Las coincidencias no las aceptan los psicoanalistas. Por tanto, no hay coincidencias. Entonces digamos que son cosas que pasan. Fue una época en que los colegios de bachillerato, así fuera en un pueblo, tenían un sentido intelectual, era el bachillerato clásico, y los estudiantes leíamos en una pequeña biblioteca y ahí nos encontrábamos para comentar los libros con gran seriedad, porque en ese tiempo un muchacho de catorce años se consideraba un hombre. Gonzalo Arango y yo, aunque estábamos en grupos diferentes (él me llevaba un año de ventaja en el bachillerato y en la vida), nos encontrábamos en los libros. Había en su casa, en el solar de su casa, que tenían y aún tienen en los pueblos las familias, un kiosco que él mismo construyó para aislarse a leer con algunos compañeros. Esa amistad se hizo por los libros, por las lecturas. Y después duró toda la vida. Porque los libros siempre son nuestros mejores amigos y son los que arman, organizan nuestras mejores amistades. Fue entonces así como nos encontramos.
Yo tenía un periódico de colegio, que circulaba además en el pueblo, hecho en mimeógrafo, y para el cuarto centenario de Cervantes le pedí a Gonzalo Arango que escribiera algo para el periódico. Su primer artículo, su primera página escrita fue sobre el Quijote, publicada en ese periodiquito del que hoy no queda memoria. Después él vino a Medellín a terminar su bachillerato en la Universidad de Antioquia, porque eso le facilitaba el ingreso a la carrera de abogado, que era la más común en ese tiempo para un país de litigantes, y entonces nos separamos hasta que yo volví a Medellín y lo encontré trabajando en la biblioteca general de la Universidad y para la revista, de la cual era secretario de redacción. El director de la biblioteca era el doctor Abel Naranjo Villegas. Gonzalo escribía reseñas y hacia prácticamente todo. Yo colaboraba con él porque tenía tiempo disponible, le ayudaba a corregir pruebas de la revista y él me retribuía dándome acceso a la parte de la biblioteca que estaba vedada para los estudiantes, porque ahí se encontraban los escritores del Índice en compañía de Satanás.

Usted nació en Pueblorrico.

Sí, yo soy de Pueblorrico, en el suroeste antioqueño. Estuve allí hasta los tres años solamente. De ahí la familia se trasladó a Urrao, porque mis padres eran de allá. De esos primeros tres años tengo unos pocos recuerdos, entre ellos la violencia.

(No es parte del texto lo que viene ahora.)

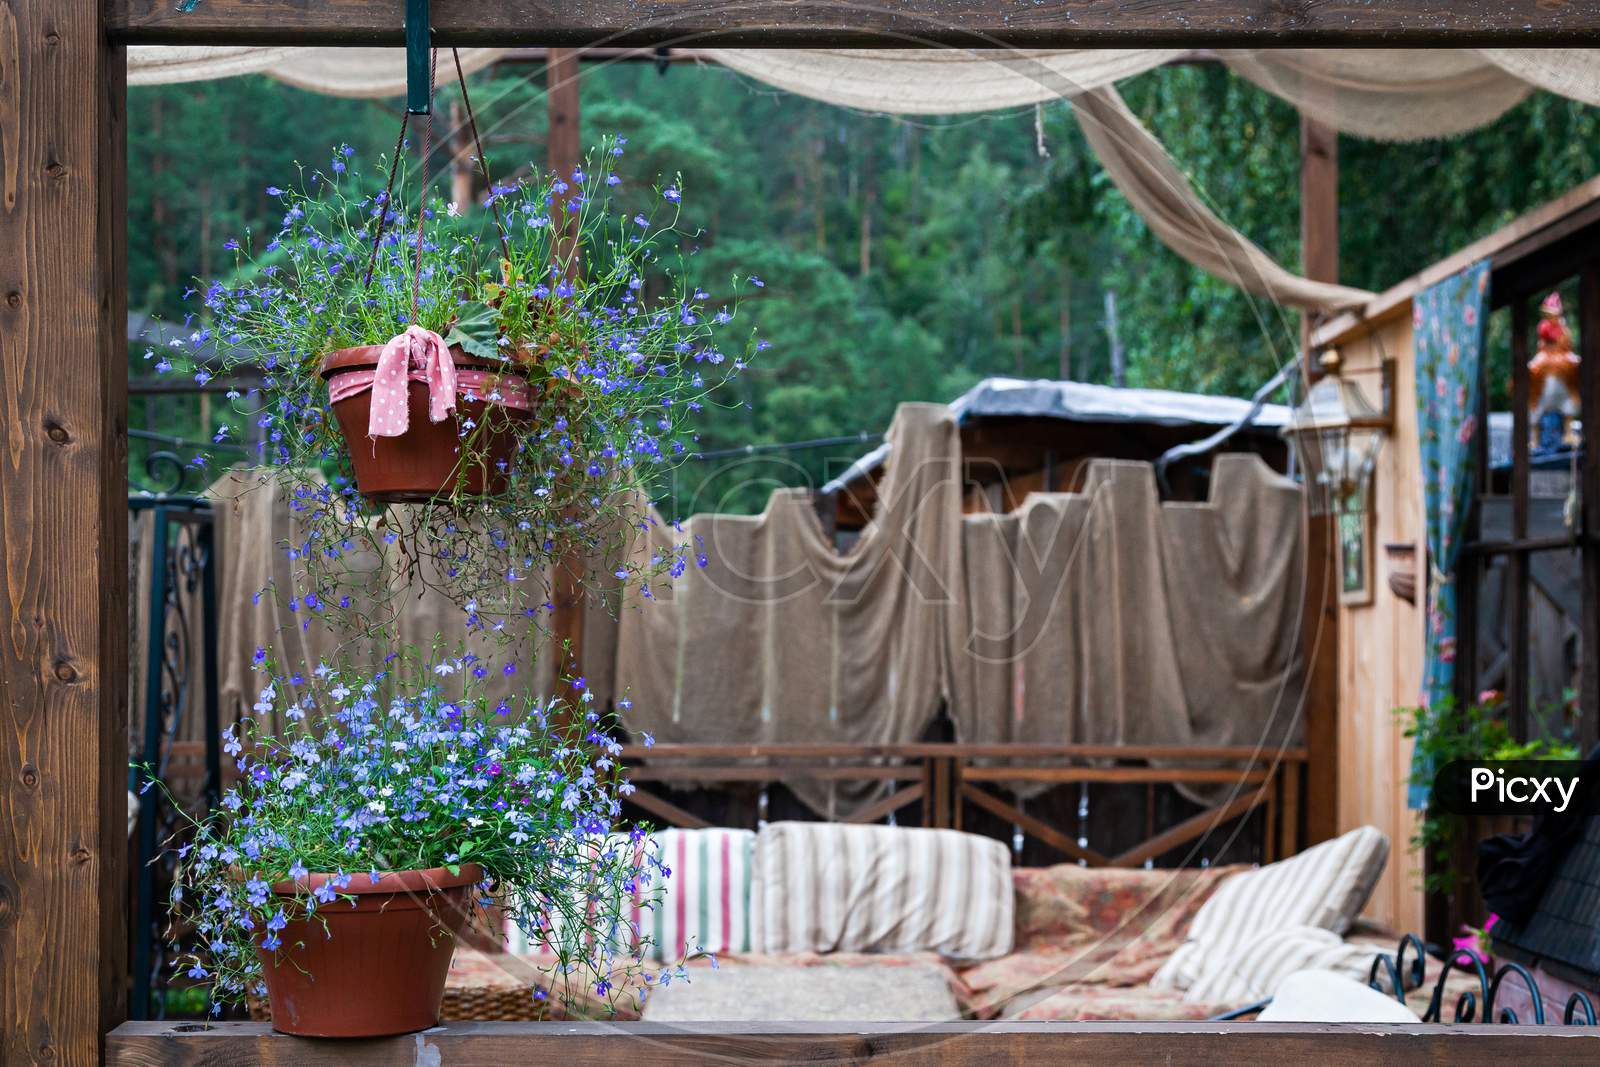 Beautiful Scenery Of The Rustic Veranda: Pots With Purple Flowers, A Lamp, Decoration With Various Fabrics And A Sofa

Porque en esa época también había una guerra que era de tipo político-religioso y por eso mis padres tuvieron que cambiar de residencia. En Urrao vivieron poco tiempo y después pasaron a Altamira, corregimiento de Betulia. Mis recuerdos más lejanos son de la violencia política y religiosa. Que ha existido en Colombia siempre.
En Altamira hice tres años de escuela primaria y el último en Betulia. El maestro que me enseñó a leer y escribir, don Gabriel Caro Urrego, vive acá en Medellín. Algunas veces me veo con él, o hablamos por teléfono, Tiene 85 años, monta a caballo, baila, canta, toca instrumentos de cuerda; está más joven que yo.

Es entonces allí donde usted comenzó a comprar suplementos literarios por kilos.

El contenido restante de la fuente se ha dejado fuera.